Garg Taru, Marak Anita, Ahmed Riaz, Chander Ram, Jain Manjula
Department of Dermatology and STD, Lady Hardinge Medical College. New Delhi, India.
Dermatol Online J. 2017 Aug 15;23(8):13030/qt38f676n9.

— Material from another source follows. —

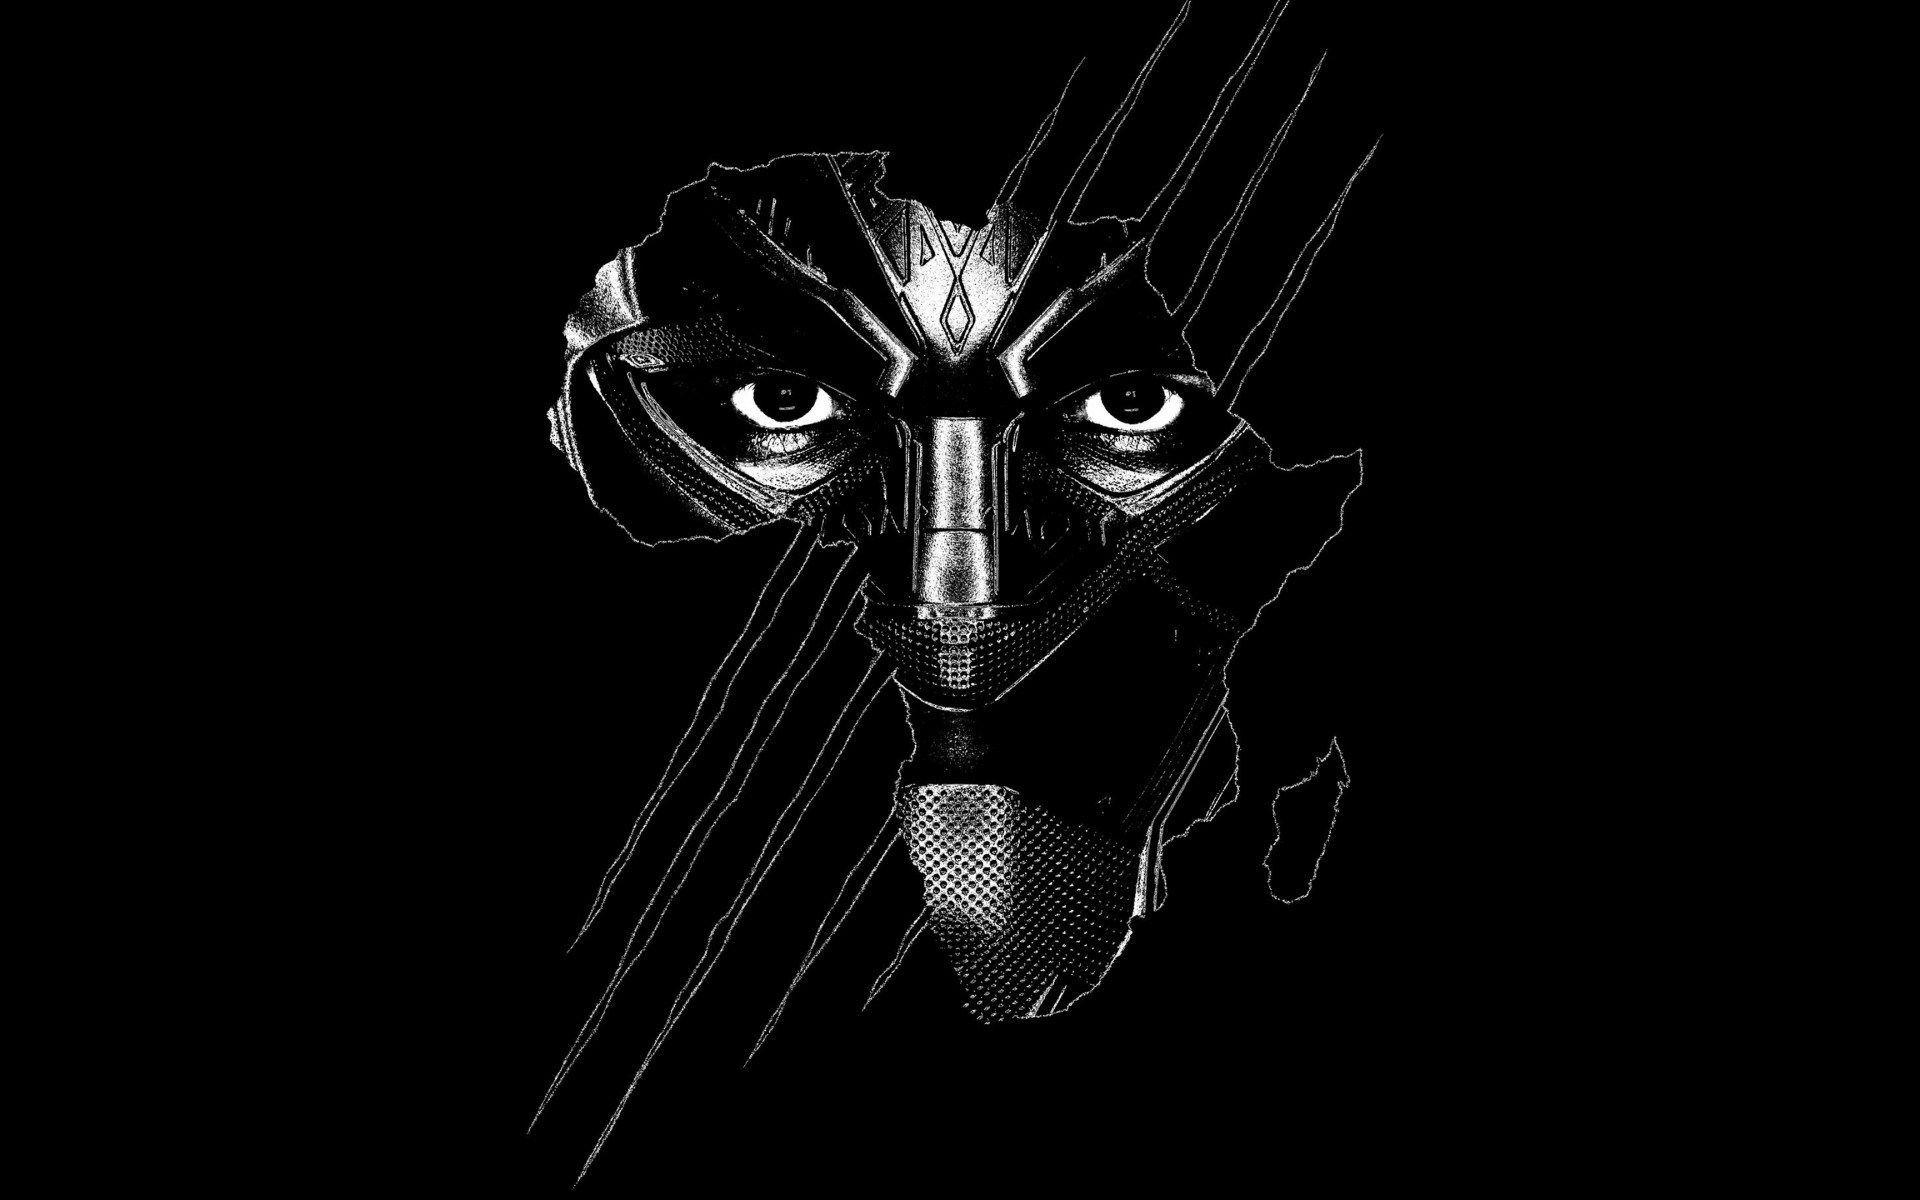 Đồ họa Black Panther 4K đẳng cấp và tuyệt vời nhất đang chờ đón bạn. Trải nghiệm những hình ảnh chân thực và sắc nét tới từng chi tiết nhỏ nhất. Khám phá thế giới siêu anh hùng ngay trên màn hình của bạn với đồ họa 4K vượt trội.

Primary localized cutaneous amyloidosis refers to a group of disorders characterized by deposition of amyloid in the dermis without any systemic involvement. It comprises the following clinical types: macular, lichenoid, nodular, and biphasic. There are also rare variants such as amyloidosis cutis dyscromica and poikiloderma-like cutaneous amyloidosis. We report a case of primary cutaneous amyloidosis in a 17-year-old boy with unusual pigmentation of various patterns (reticulate and diffuse pigmentation with mottling and rippling at places) and hypopigmented atrophic macules. Our patient also had nail, oral, and mucosal pigmentation that have not been described. Amyloid deposits were shown histopathologically in both hyperpigmented and hypopigmented macules.
原发性局限性皮肤淀粉样变是指一组以淀粉样蛋白沉积于真皮而无任何系统性受累为特征的疾病。它包括以下临床类型:斑疹型、苔藓样型、结节型和双相型。也有罕见的变异型,如皮肤异色性淀粉样变和类皮肤异色病样皮肤淀粉样变。我们报告一例17岁男孩的原发性皮肤淀粉样变,其有各种不寻常的色素沉着模式(网状和弥漫性色素沉着,局部有斑点和波纹)以及色素减退性萎缩斑。我们的患者还存在未被描述过的指甲、口腔和黏膜色素沉着。组织病理学显示色素沉着过多和色素沉着过少的斑疹中均有淀粉样蛋白沉积。